Ex-spy loses lawsuit over Canada's refusal to let her return
The Globe and Mail
December 22, 2006
A lawsuit launched by a former Russian undercover agent who spied for the Russian government and then sued Canada's Immigration Department for refusing to allow her to return here has been dismissed.
Elena Miller, a 43-year-old ex-spy, was deported in 1996 after her cover was blown by the Canadian Security Intelligence Service. Her second husband, Toronto physician Peter Miller, has tried for eight years to sponsor his wife, only to see the application rejected by Citizenship and Immigration Canada.
Now the Millers' lawsuit, which sought unspecified damages for negligence and damages caused by the delay in processing Ms. Miller's immigration application, has been dismissed by Mr. Justice James Hugessen of the Federal Court.
“The evidence here does not show that the officials concerned ever had any duty other than to the Canadian public, namely, to assess as best they could a claim by an unmasked Russian spy to an exemption and special treatment by the country whose hospitality she so grossly abused,” he ruled in a Nov. 30 judgment.
“It also shows that they [the officials] never at any time gave . . . any reasonable expectation of a favourable decision.”
The decision comes just days before another unmasked Russian spy is due to be deported.
A 45-year-old Russian intelligence officer, who lived under the false name Paul William Hampel and whose true identity is sealed by a court order, spent more than a decade posing in Montreal as a Canadian before being apprehended at that city's Pierre Trudeau Airport on Nov. 14.
The arrest followed a lengthy CSIS investigation that concluded he is a Russian “illegal,” an undercover spy.

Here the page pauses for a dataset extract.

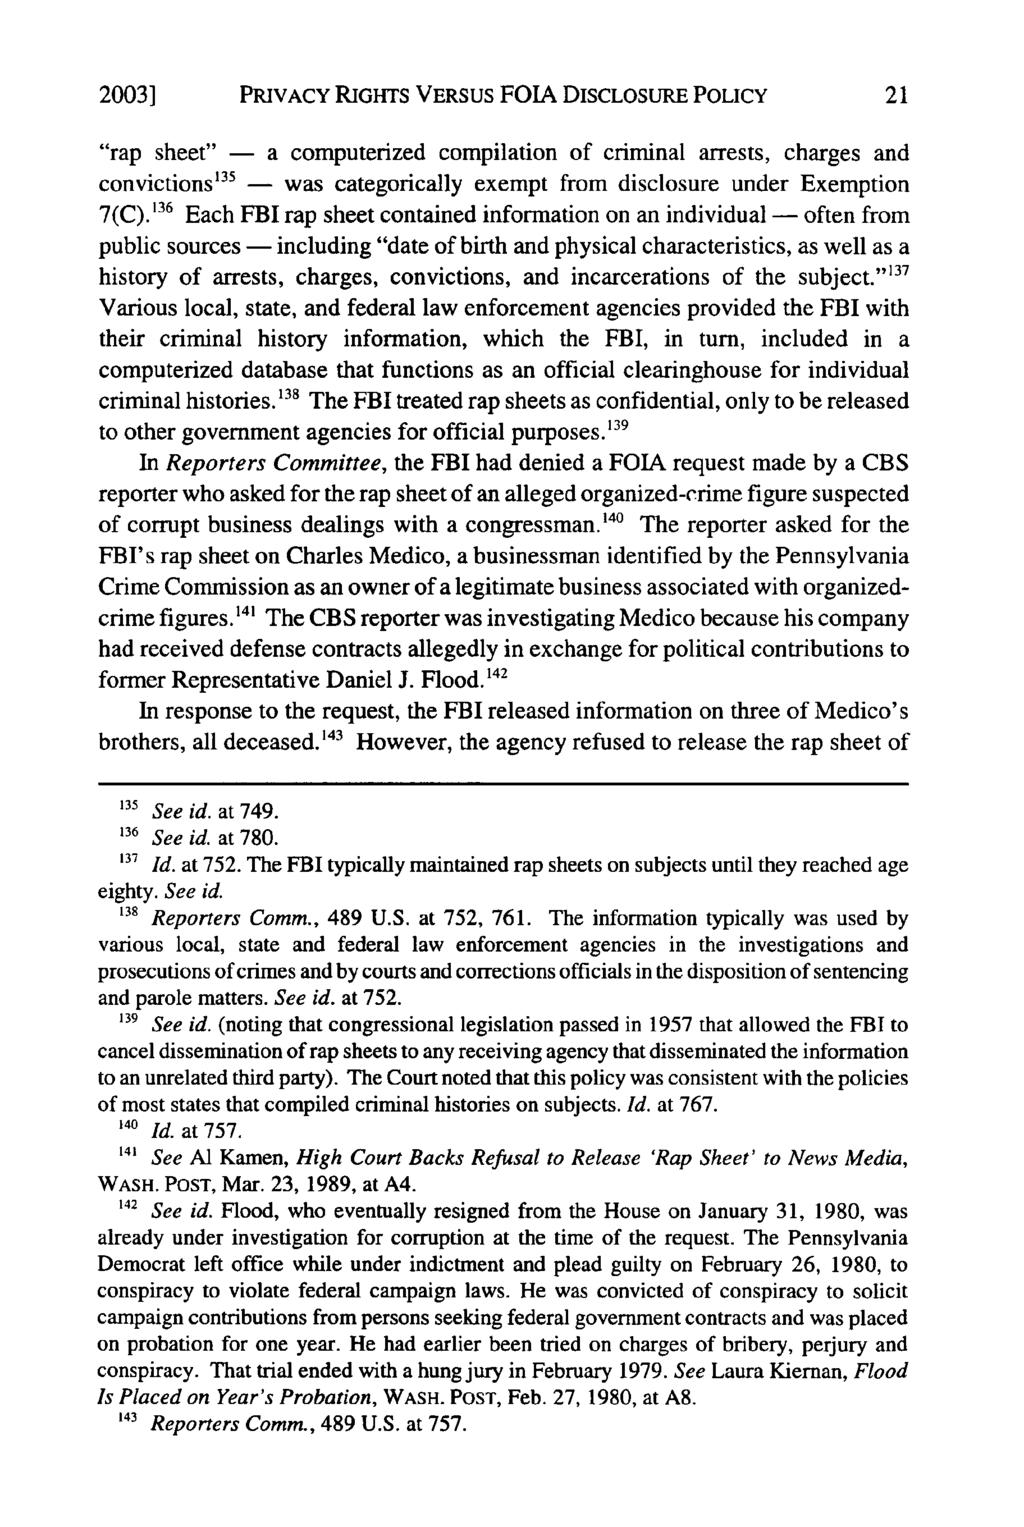 2003] PRIVACY RIGHTS VERSUS FOIA DISCLOSURE POLICY "rap sheet" - a computerized compilation of criminal arrests, charges and convictions 3 ' - was categorically exempt from disclosure under Exemption
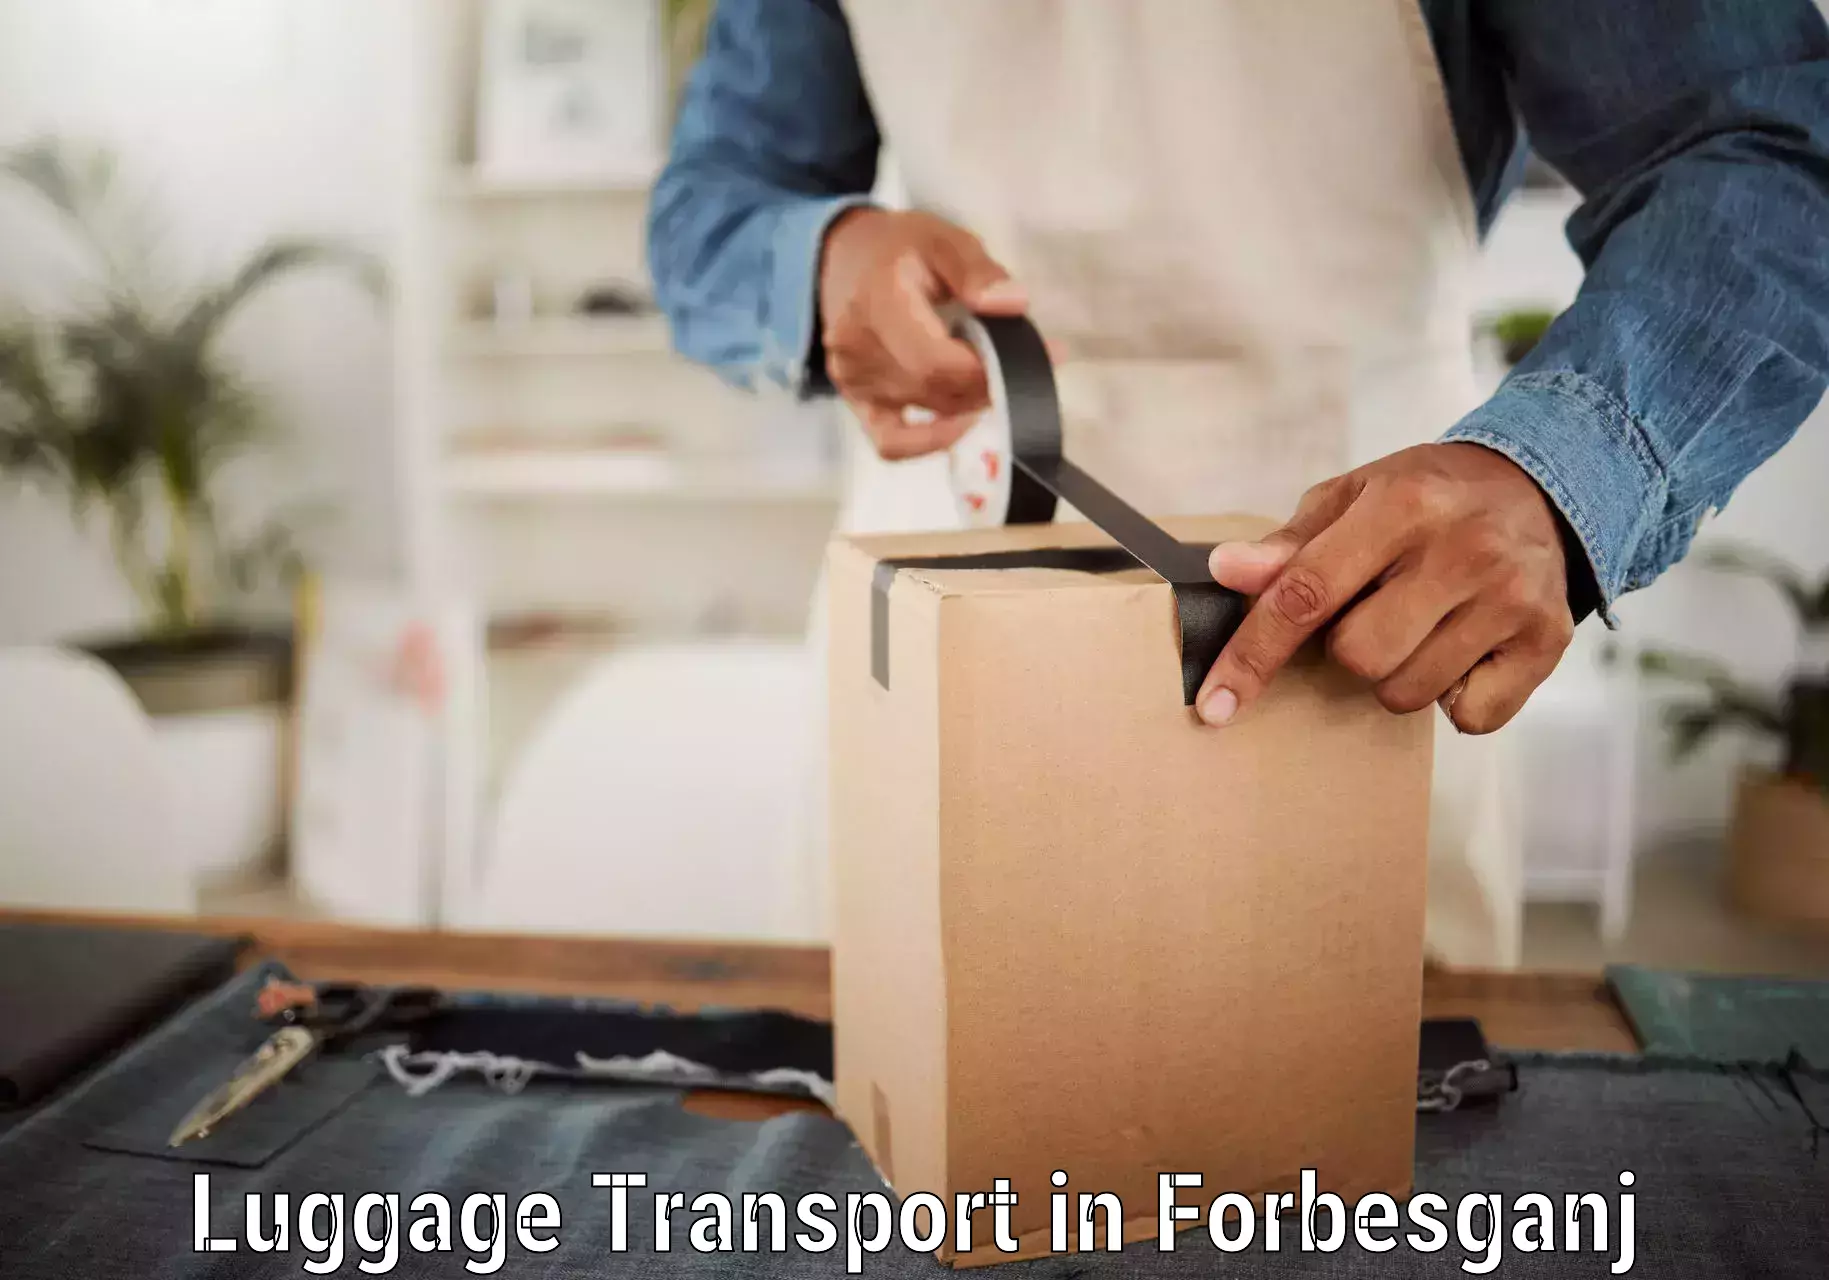 Automated luggage transport in Forbesganj

He is due to be removed next Wednesday.
Ms. Miller came to Canada just before Mr. Hampel, in the early 1990s, with her first husband, also a Russian spy. The pair established Canadian identities, taking names from Canadian babies who had died at birth. Ms. Miller, whose real name is Yelena Olshanskaya, found a job at an insurance company. The Russian spies were deported to their homeland in June of 1996 — but not before their own marriage had disintegrated and Ms. Miller had begun dating Dr. Miller.
Back in Moscow, Ms. Miller renounced the world of international espionage and married Dr. Miller. He tried in vain to sponsor her, but their application was rejected after the Canadian Border Services Agency ruled that she had not demonstrated that her presence in Canada would not be detrimental to the national interest.
Sergio Karas, an immigration lawyer, said it is “ludicrous” for an applicant who misrepresented her identity to then sue when the file is subject to delays.